Saint John the Russian was born approximately in 1690 in Ukraine. He is one of the most renowned saints in the Orthodox Church. Being a prisoner of war and a slave to a Turkish Agha, he became famous and respected even by his Muslim master for his humility, steadfastness of faith and benevolence. He reposed on 27 May 1730, some time after receiving Holy Communion, in Prokopi of Cappadocia.

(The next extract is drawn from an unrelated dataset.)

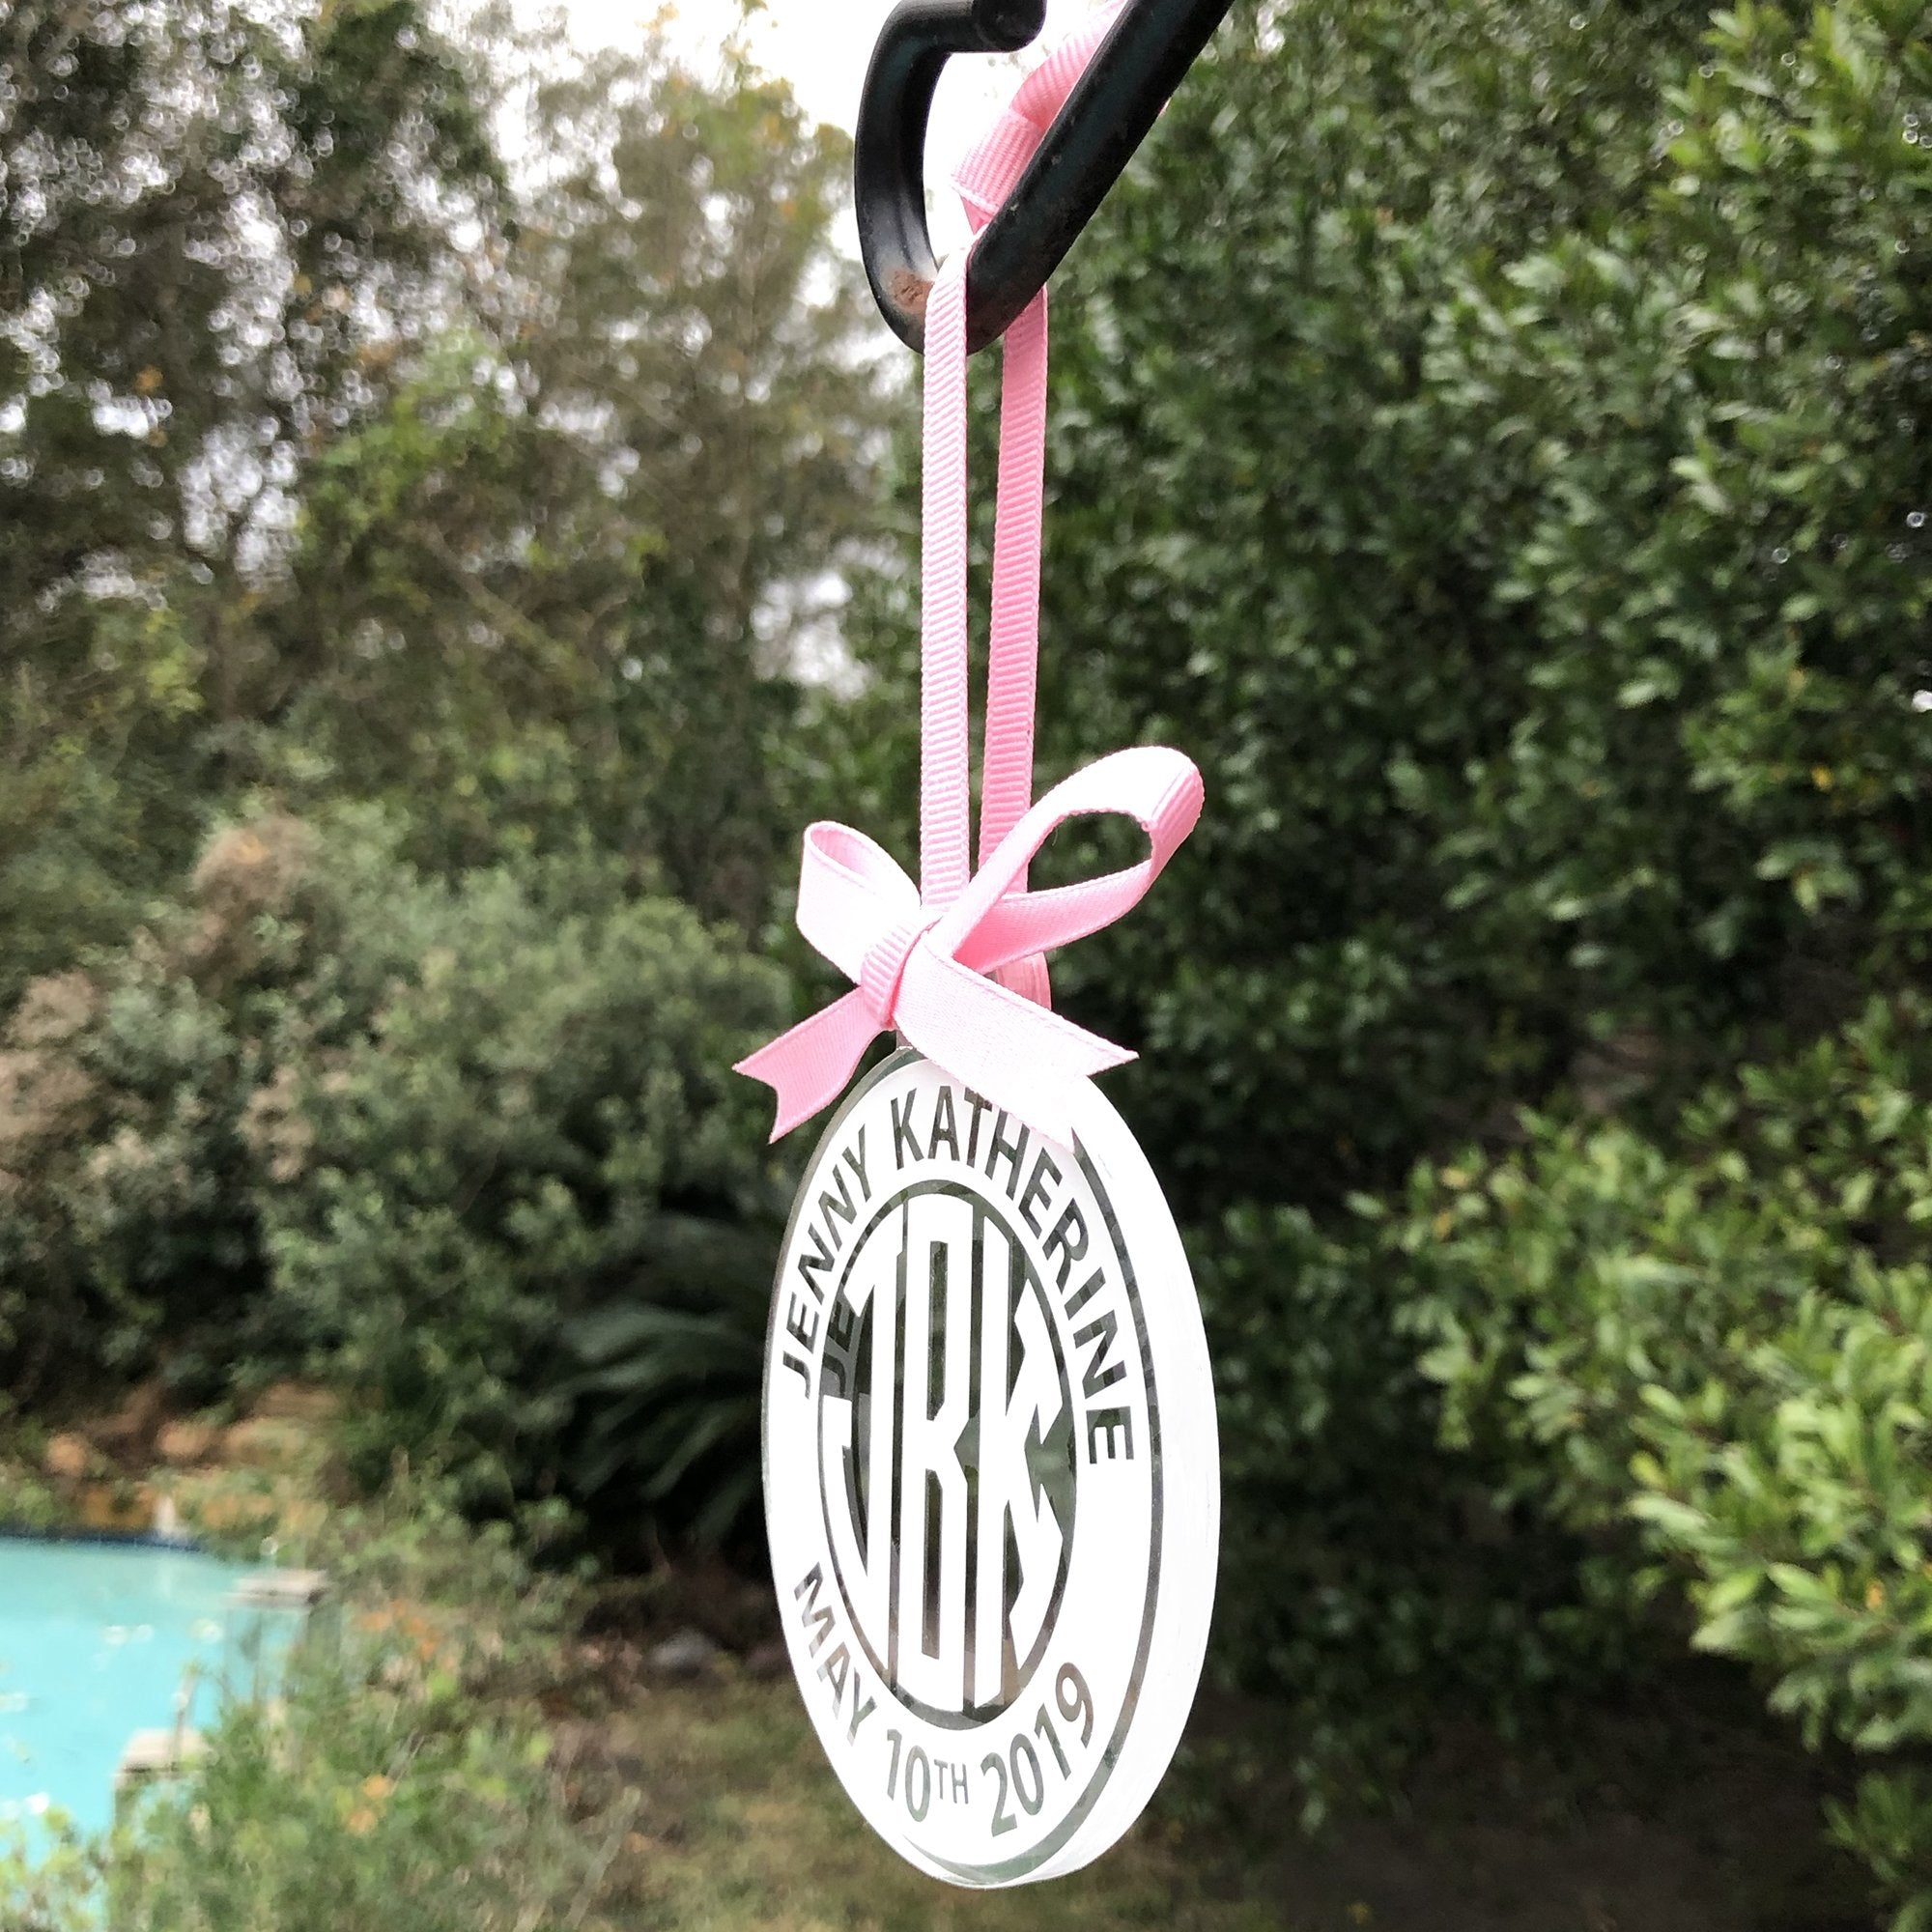 Baby Girl Ornament | Brit and Bee

Saint John was given a Christian burial by order of the Agha who, as a token of his love and great respect for the Saint, gave an expensive cloth to cover his relics. Three years later a light appeared over the tomb which was seen by many. At the same time, the Saint appeared in a dream to his father confessor revealing that it was the will of God that his relics be exhumed, for his body was incorrupt. Until 1924 the relics were kept in the Church of Saint George there in Prokopi. When, however, the exchange of population took place between Greece and Turkey, and many of the Christian inhabitants of Prokopi were resettled on the island of Evia (Euboia), the relics of their beloved Saint John were also moved and were received with great acclaim and veneration by the Greeks who built a majestic temple in his honor there in the village of New Prokopi. To this day, streams of pious Greek pilgrims make their way to this village on the island of Evia, where the wonderworking Saint answers the faith of their earnest petitions with his strong and quick intercession before the throne of God.
In 1950 the Church of Saint George in Prokopi (Ürgüp) of Cappadocia was totally destroyed, being blasted with explosives. The photo above was taken in 1914.